Without pictures, output exactly the lines running from the line containing "Fendi Red Sequin" to the end of the listing below.
━━━━━ Information shown
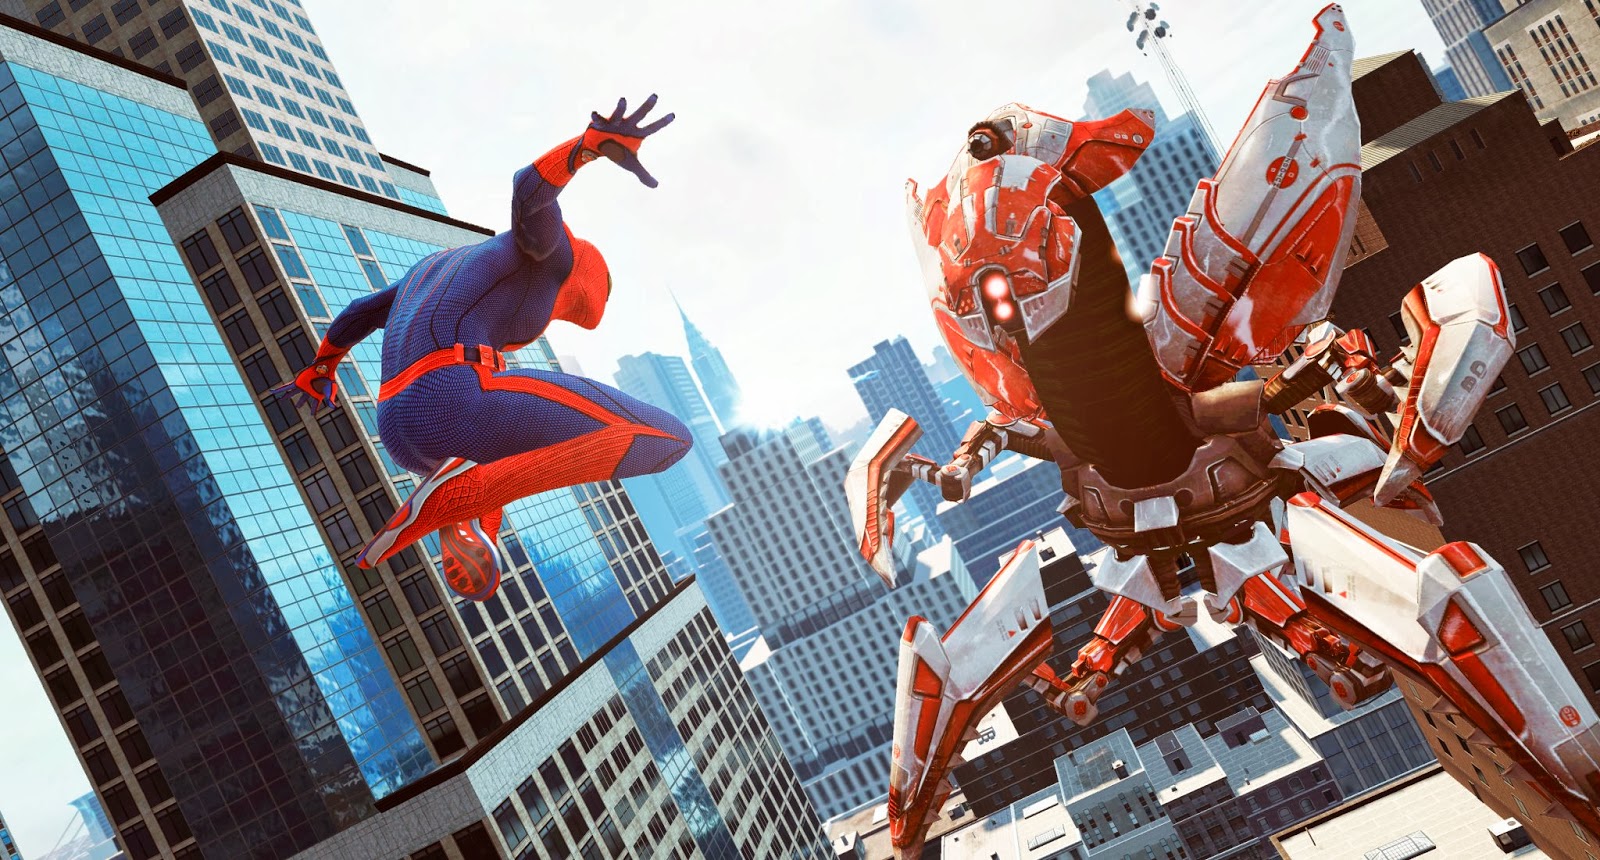 Man this game. Spider-man 2 (игра). The amazing Spider-man игра. Амазинг Спайдермен 2. Spider-man 2 игра 2014.
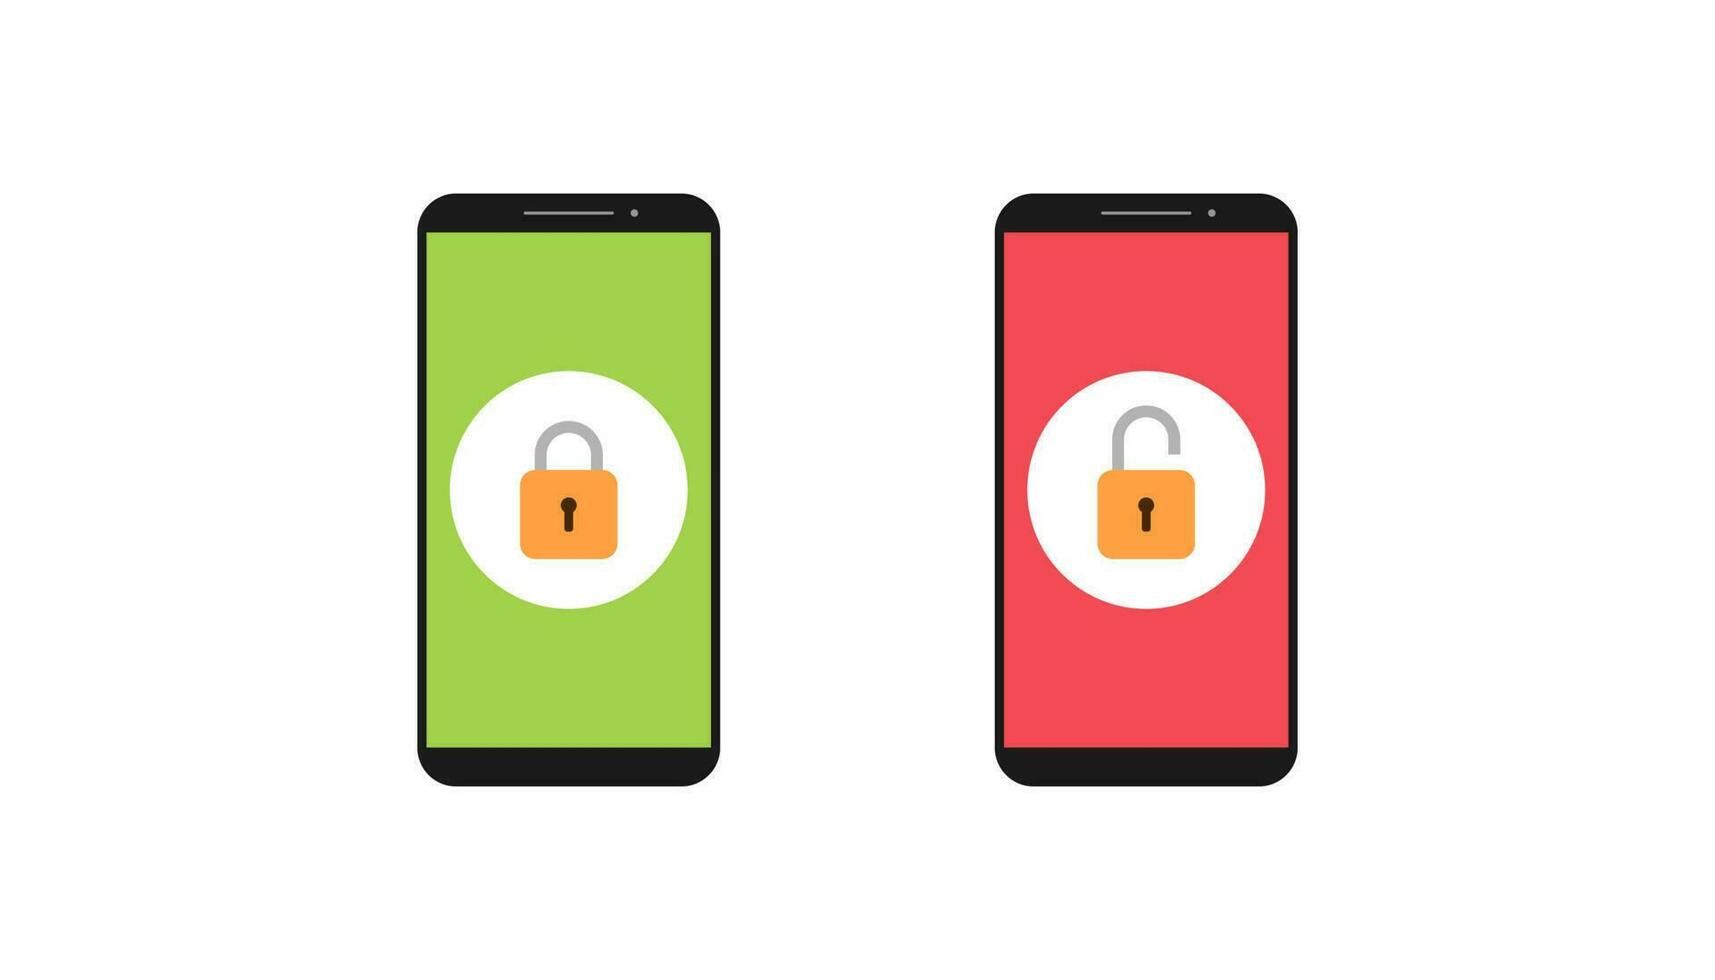 Smartphone and padlock, smartphone security data illustration vector
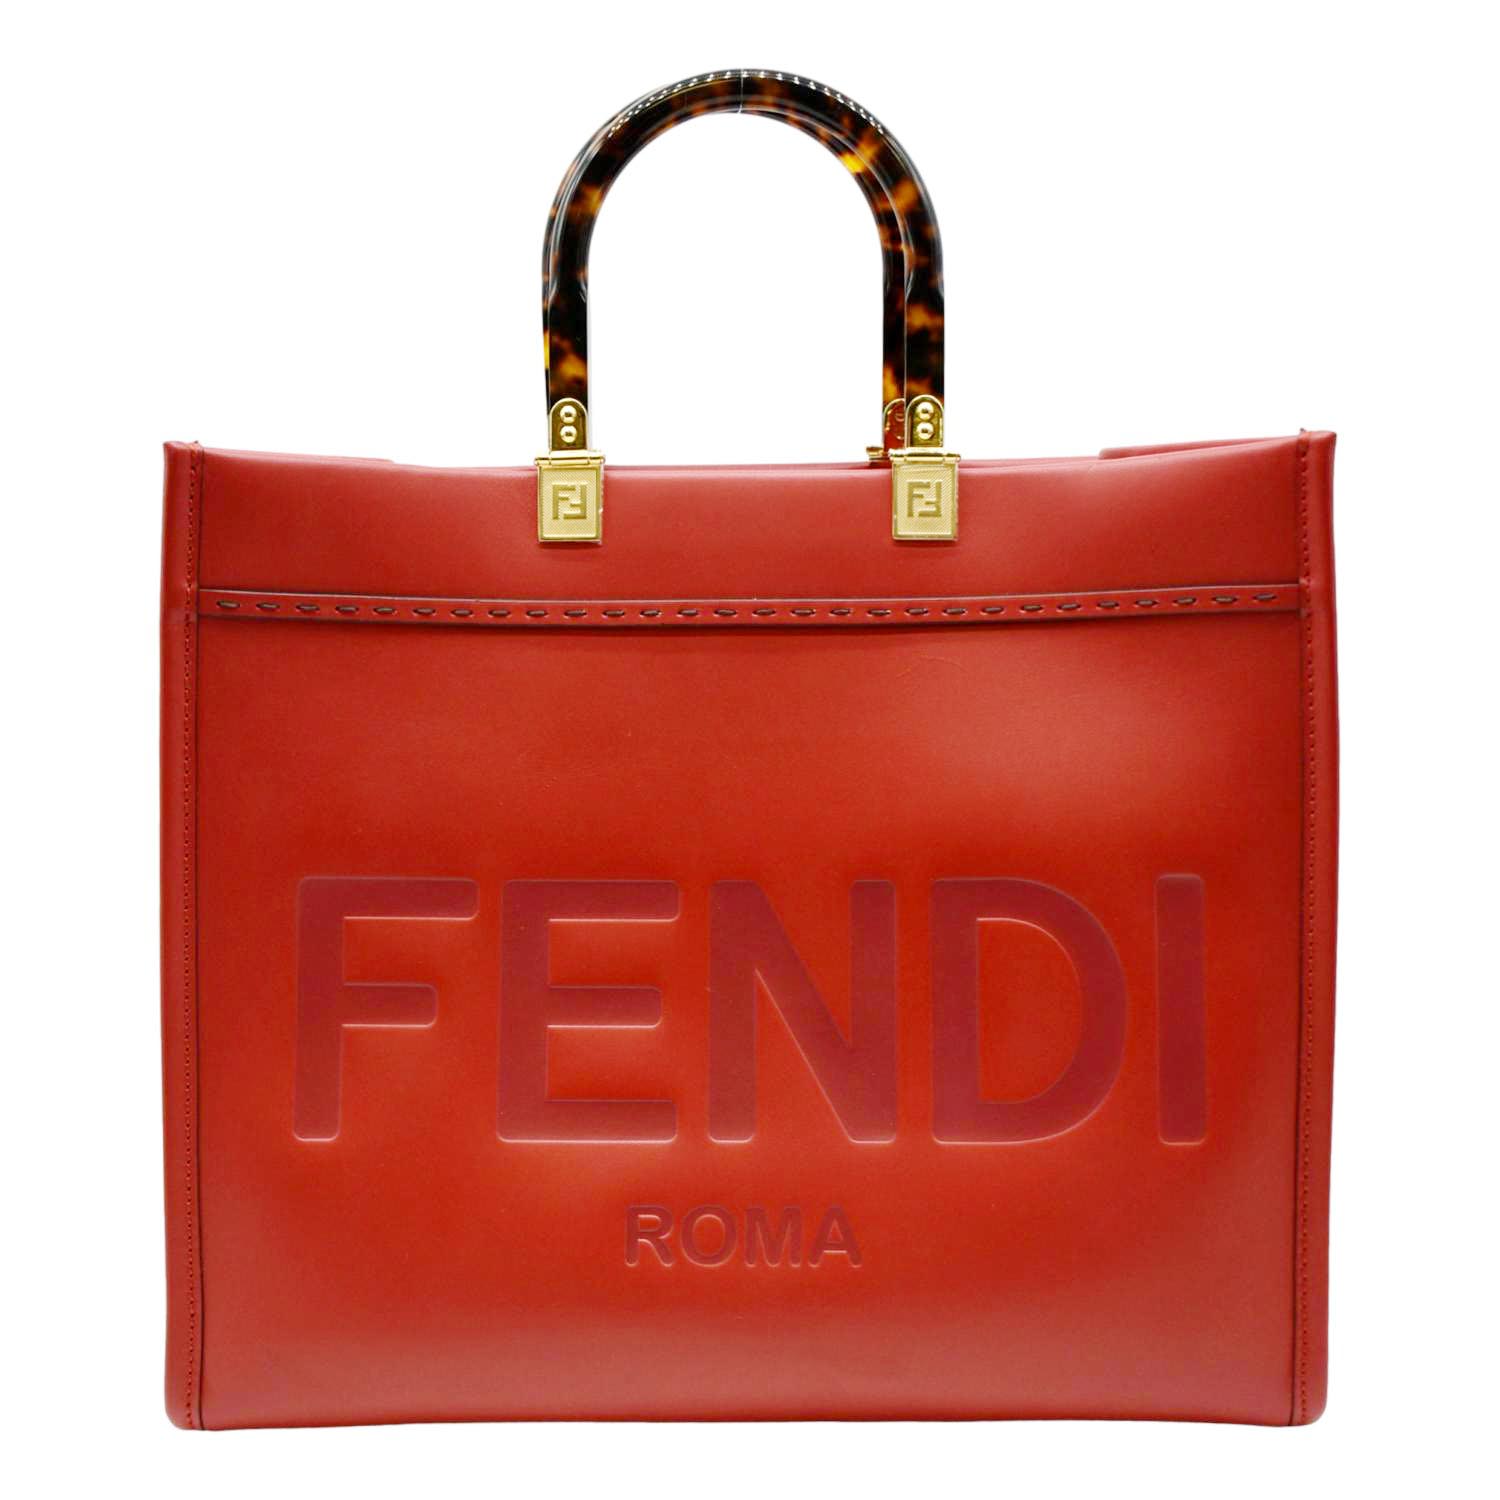 Fendi Red Sequin Shoulder Bag QBB0592MRB000 | WGACA
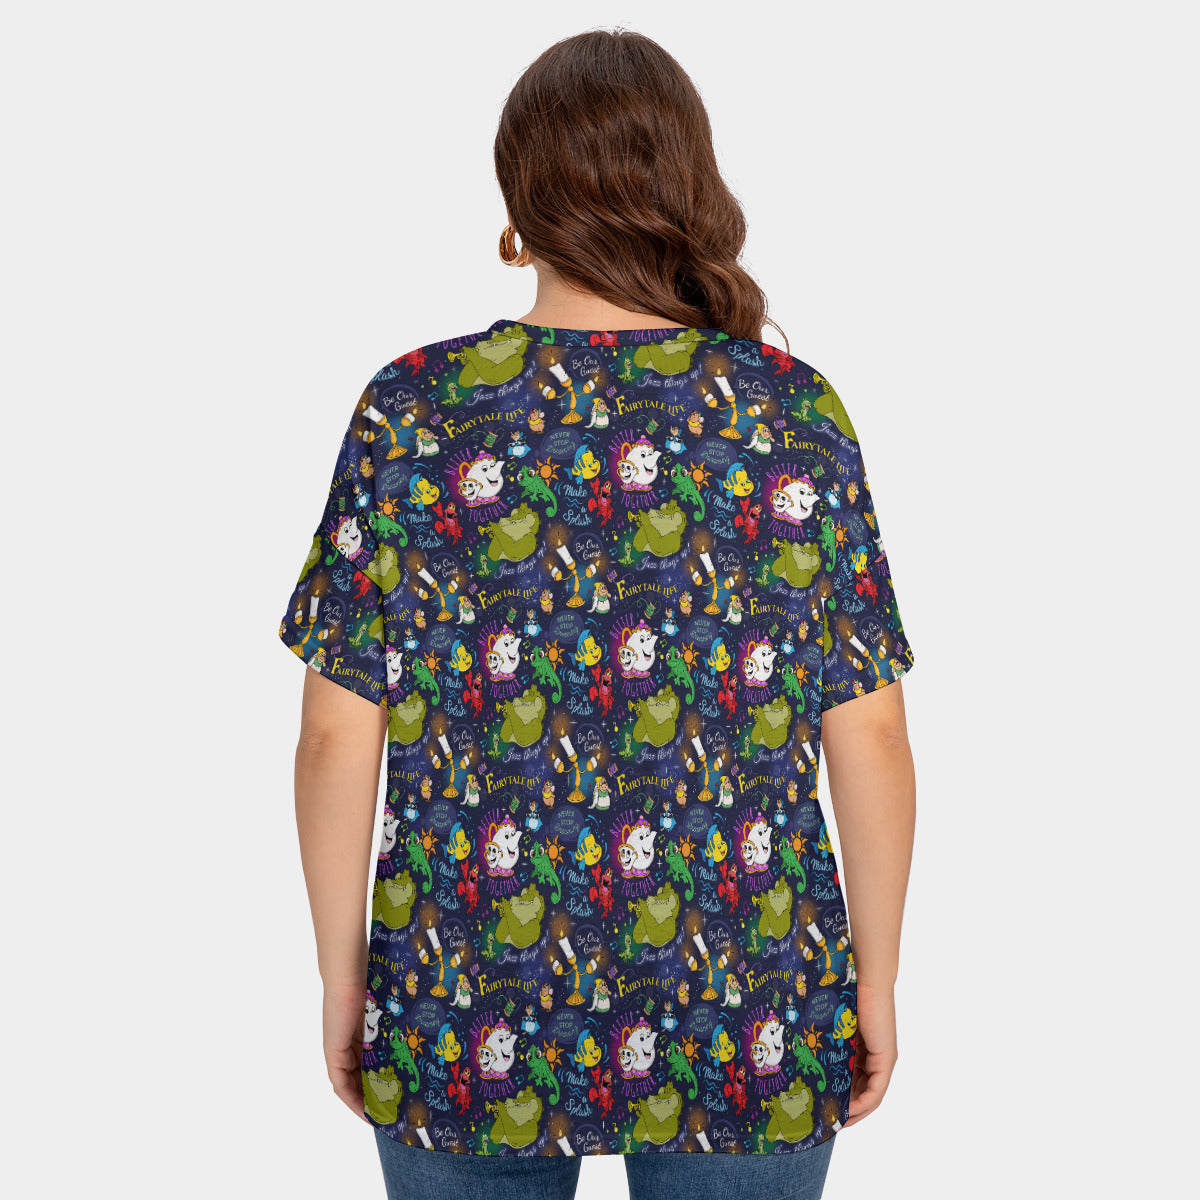 Sidekicks Women's Plus Size Short Sleeve T-shirt With Sleeve Loops
━━━━━━━━━━
▶ Answer to the exercise:
 Fendi Red Sequin Shoulder Bag QBB0592MRB000 | WGACA
 Sidekicks Women's Plus Size Short Sleeve T-shirt With Sleeve Loops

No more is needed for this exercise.